Polish English teacher in Chile, Magda


Another benefit of this firsthand experience learning English is that the non-native teacher of English can bring ideas from their days as English students to the TEFL classroom. Perhaps there were particular exercises that helped them learn vocabulary or games for different grammar points that really helped them stick.

Pavel, a Russian English teacher in Israel, agrees. “I feel that not knowing English as my first my language helped a lot by teaching students with the techniques that I used when learning the English language myself.”

Russian English teacher in Israel

Pavel, from Russia, teaching one of his English classes in Israel

Non-native English speaking teachers may have the advantage of speaking their students’ language.

Another advantage of non-native English teachers is they tend to know the structure and phonetics of their first language and use that knowledge to enhance strategies in TEFL even as a non-native English teacher. For instance, Venezuelan English teacher, Marta Sojo, relates that as a native Spanish speaker, she understands why it is hard for her Spanish-speaking students to pronounce certain sounds. This enabled her to develop ways to solve their pronunciation problems from the beginning.

While Polish fluency may not help Magda in her classrooms in Chile, Argentinian teacher, Magda, has Spanish up her sleeve if her students get stuck on a difficult concept. Translating in the ESL classroom sometimes gets a bad rap, but with lower-level students, it’s often essential. Having the capability to switch from one language to another during class to quickly clarify a point can maintain the momentum of a lesson instead of derailing to act out something that could have been summarized in a few words.

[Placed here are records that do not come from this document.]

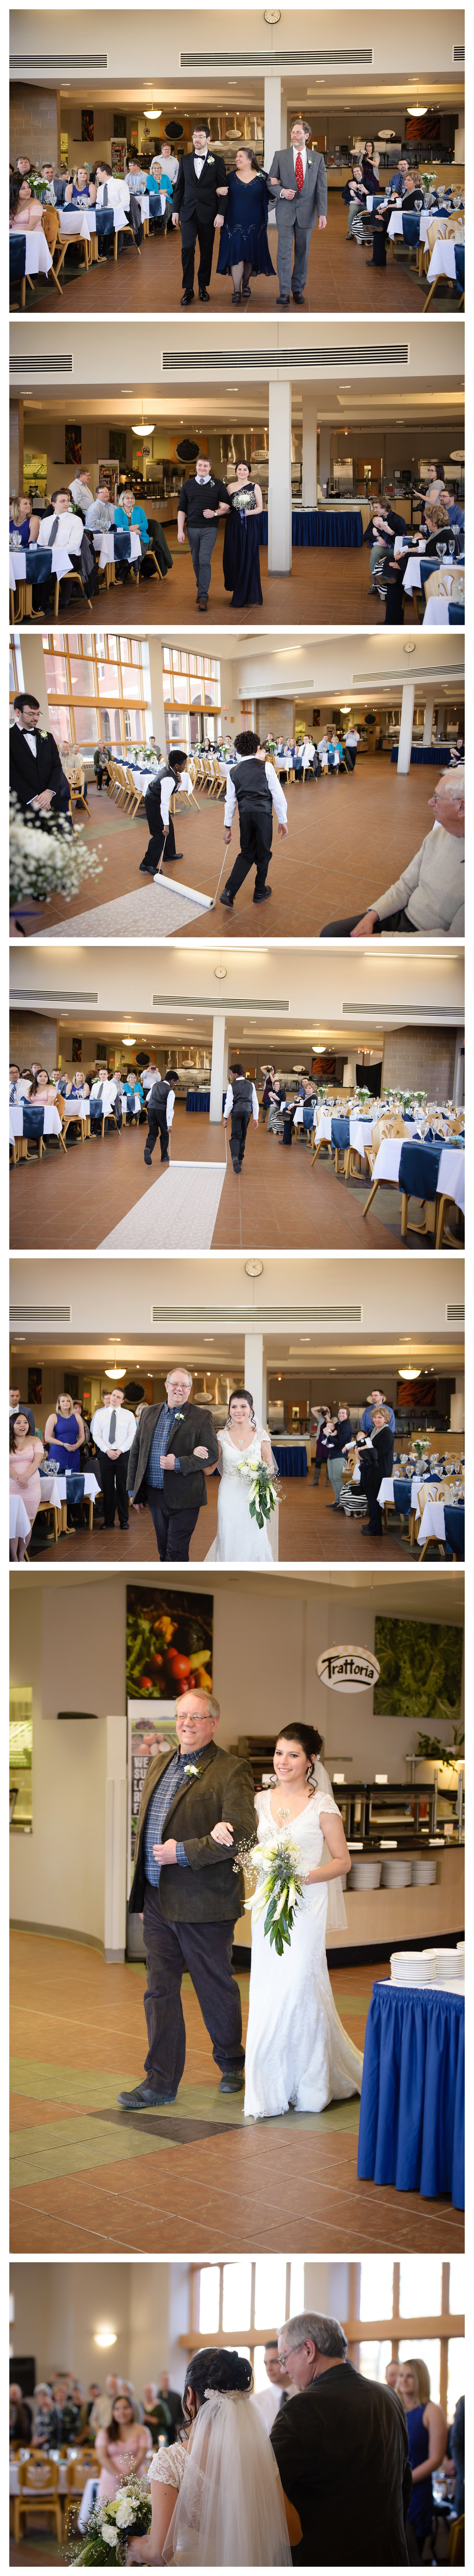 ashland wedding photographer iron river brule wisconsin ps 139 photography jen jensen_0130.jpg
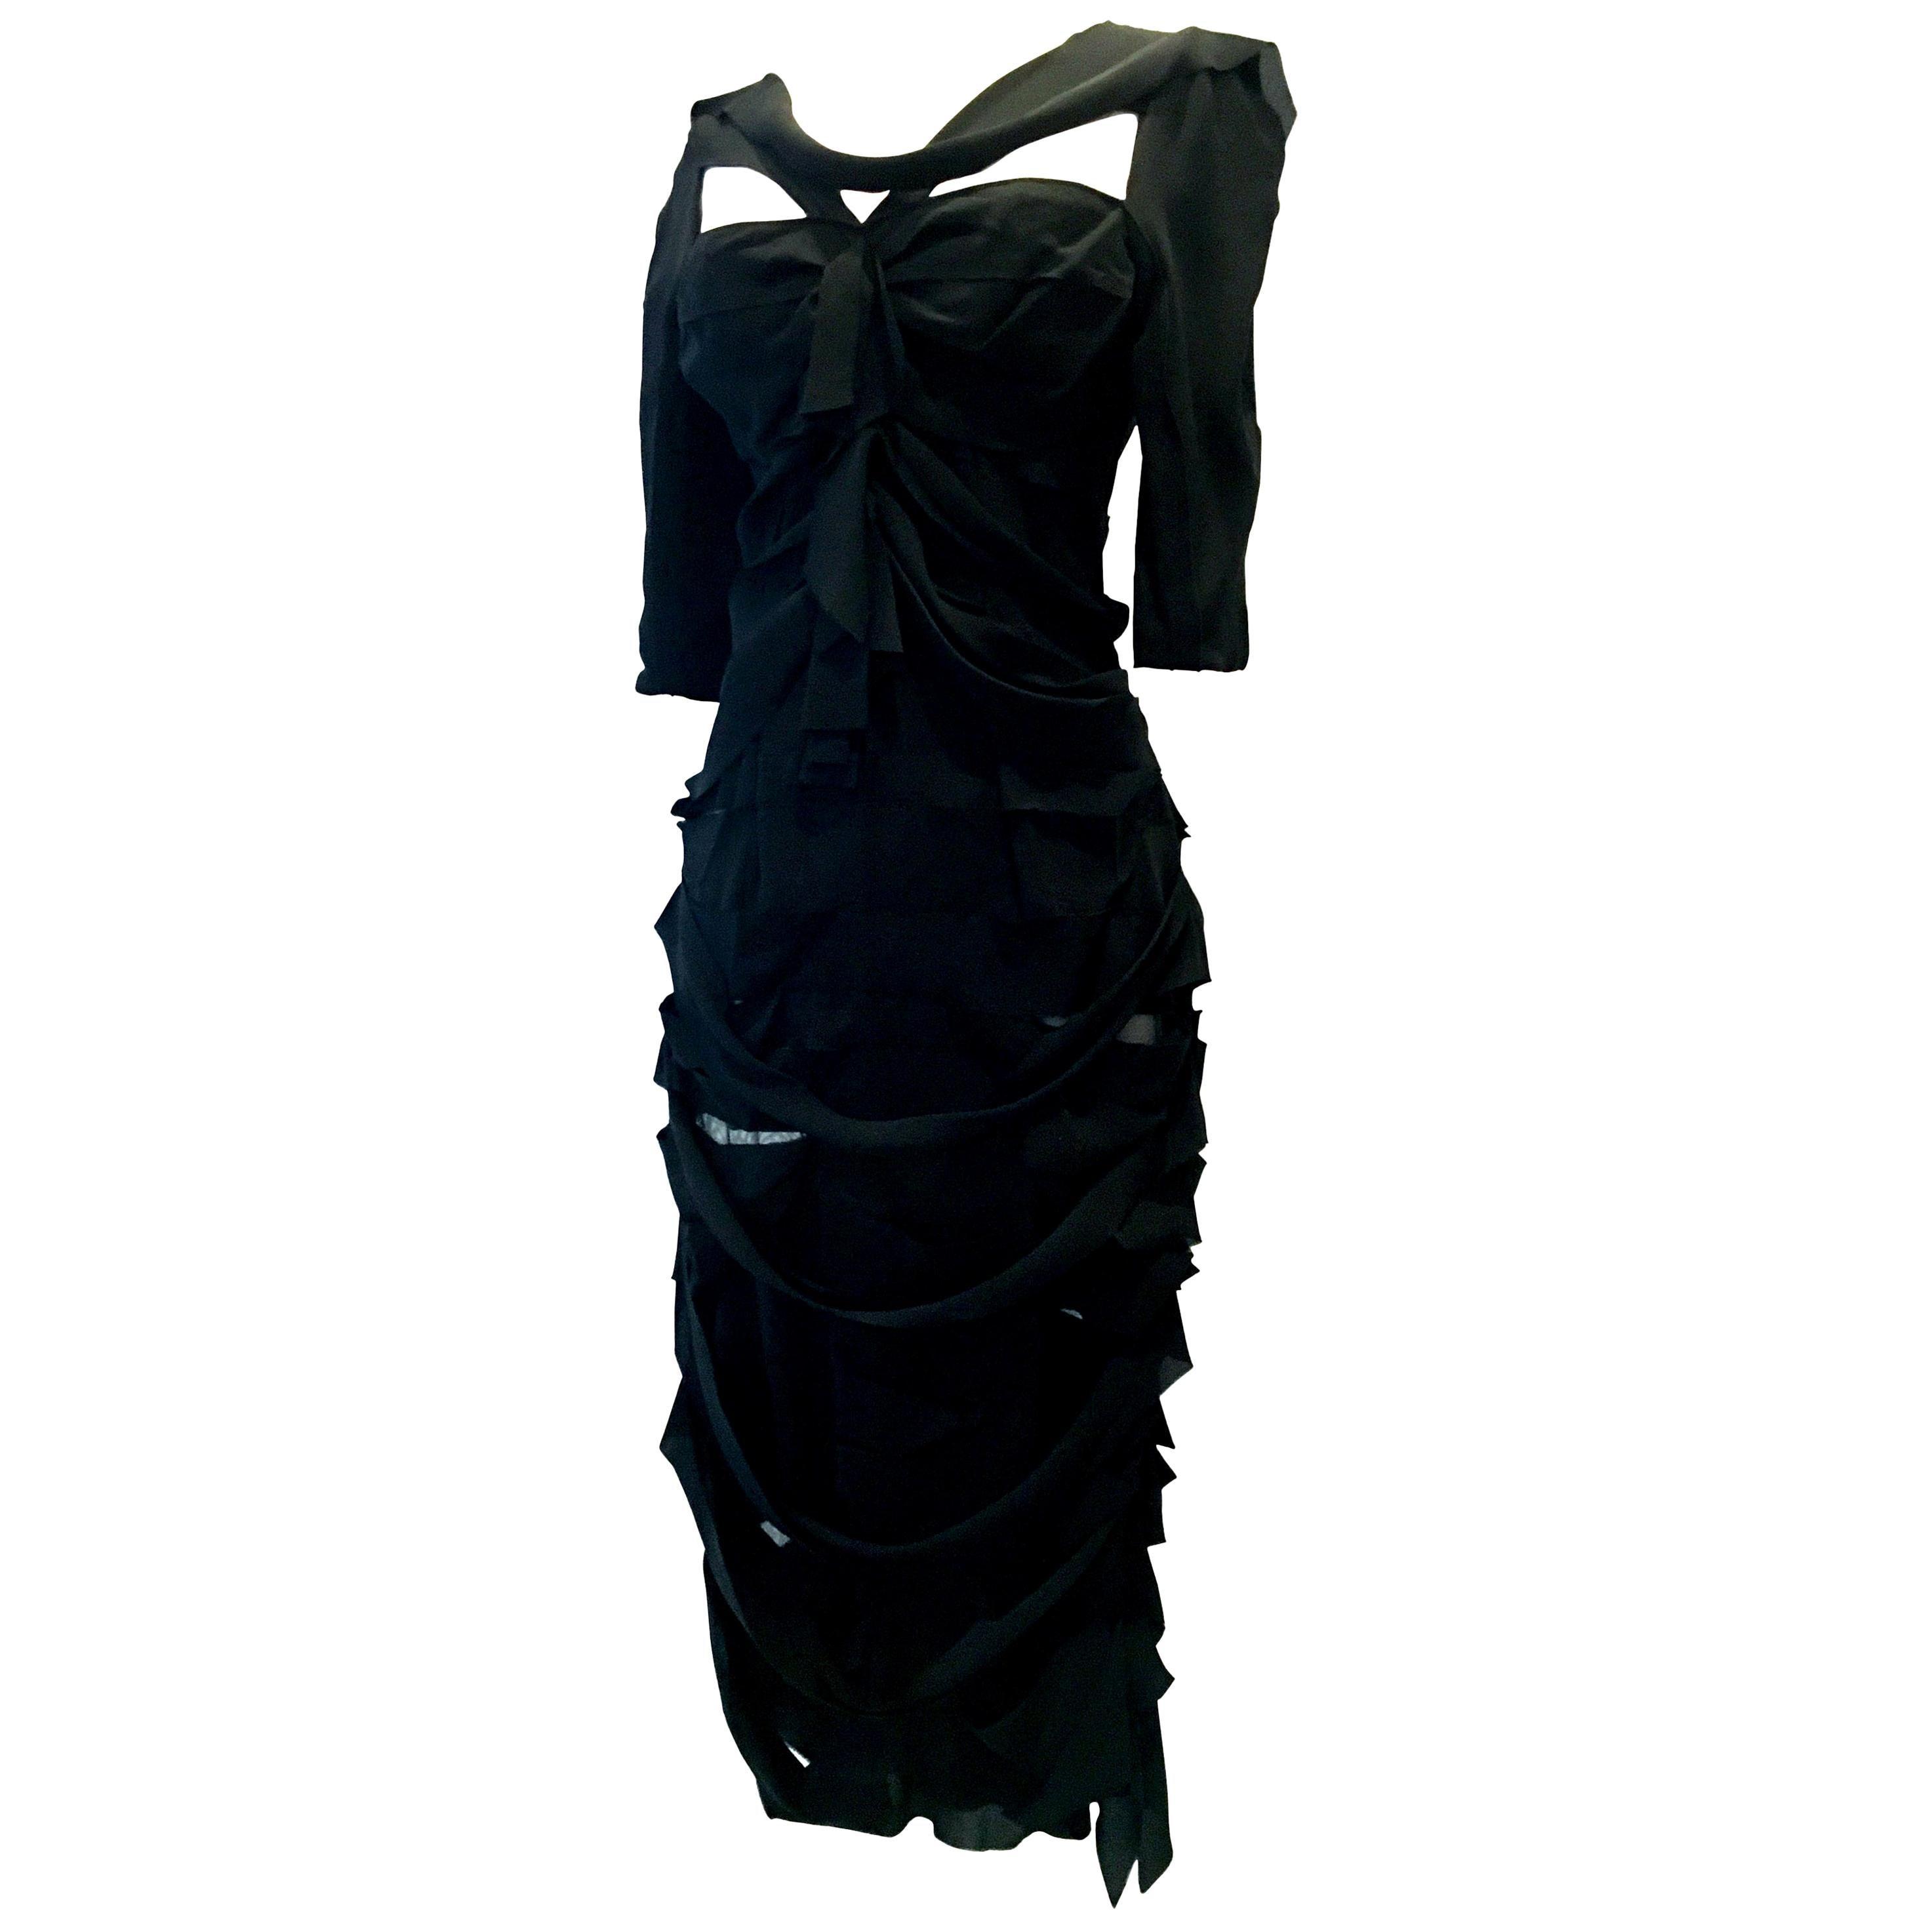 21st Century & New Black Silk Dress By, Nina Ricci Paris
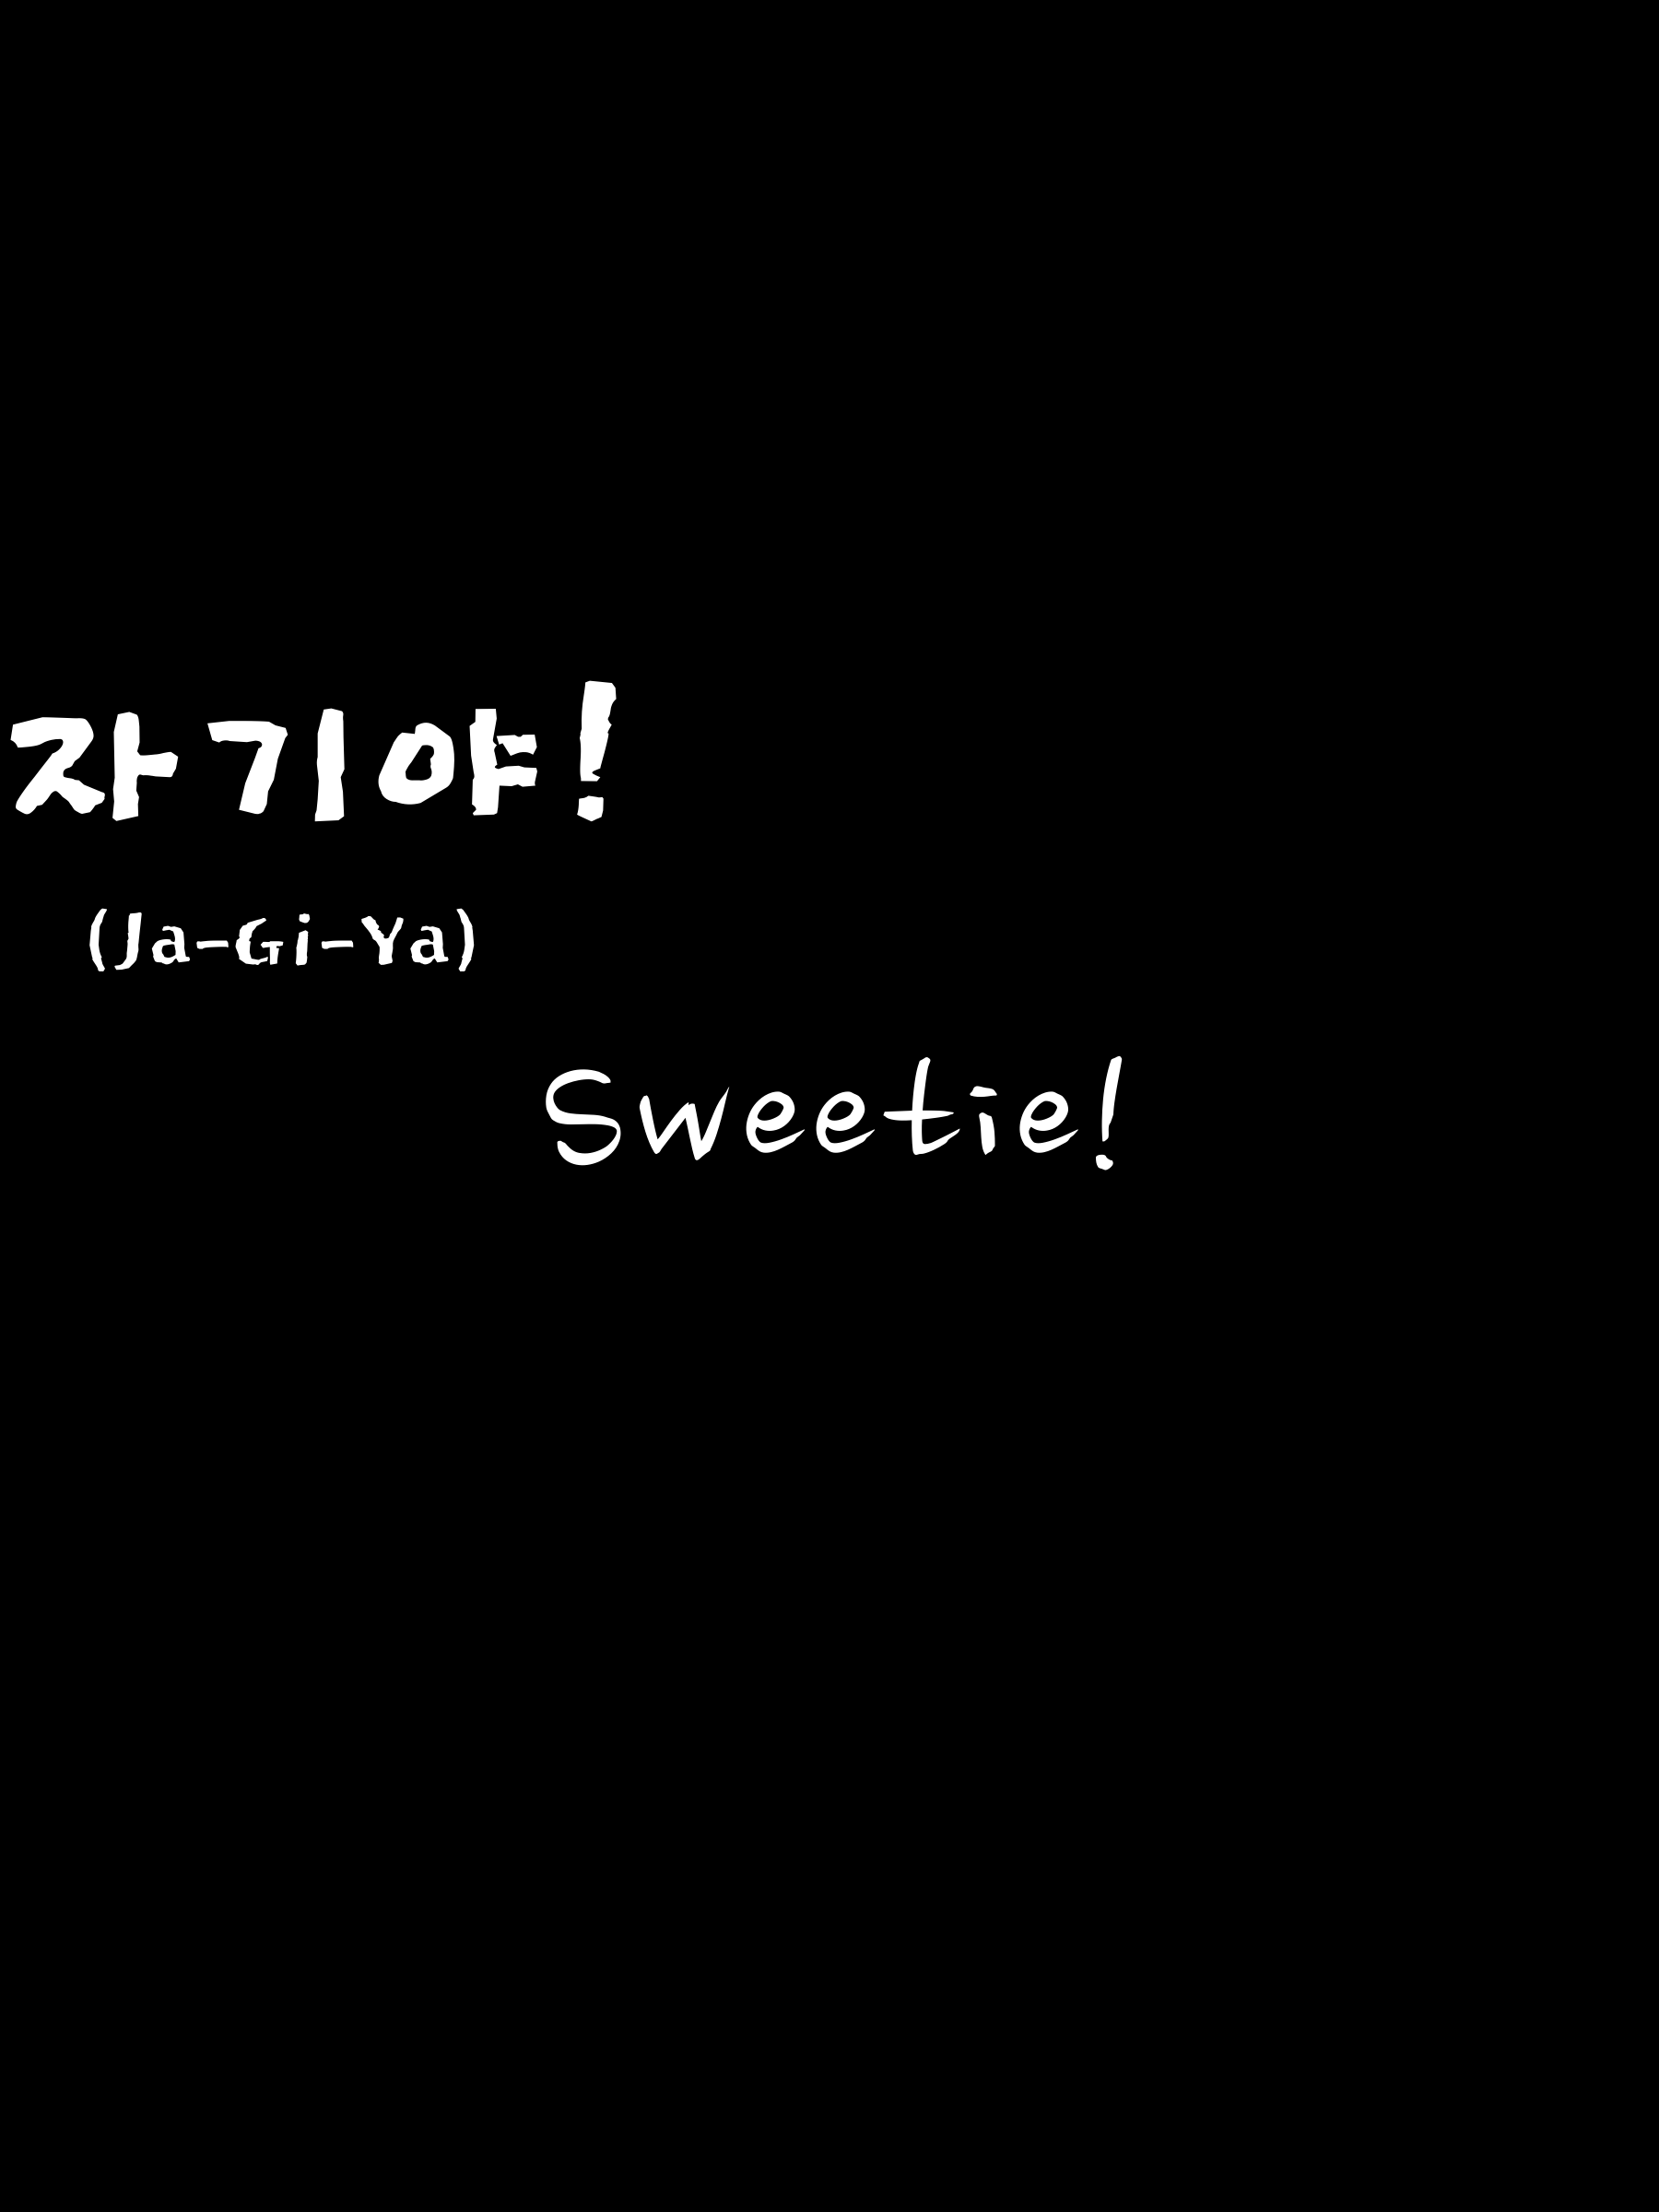 Learning Korean Aestheticnotes

The non-native teacher can infuse the class with a different cultural perspective. 

Jelena Dukic, an English teacher in Chile who is from Serbia, remembers getting a lot of students’ questions at the start of every course, ranging from her country’s geography to what their food is like. Like native English-speaking teachers, non-native teachers of English, especially those coming from countries less familiar to students, can create an interesting opportunity to tackle cultural differences and even further open learners’ eyes to the world. “You add a dash of novelty,” she says.

Jelena, an English teacher in Chile from Serbia

For teacher Magda, from Poland, this diversity also fosters open-mindedness. She feels that as an NNEST, “You command the language but also you put a bit of culture into it, which is really exciting, and I think that you give a mix of different cultures, not only North American or British but also your own.”

In the end, we argue the advantages of non-native English teachers in the classroom vs. native English speakers, but instead, why not celebrate the growing diversity in TEFL and strengths each type of teacher brings to the classroom.  As Venezuelan English teacher, Marta Sojo puts it, “If you’re e a good teacher,  your students won’t care if you’re a native or a non-native English speaker.”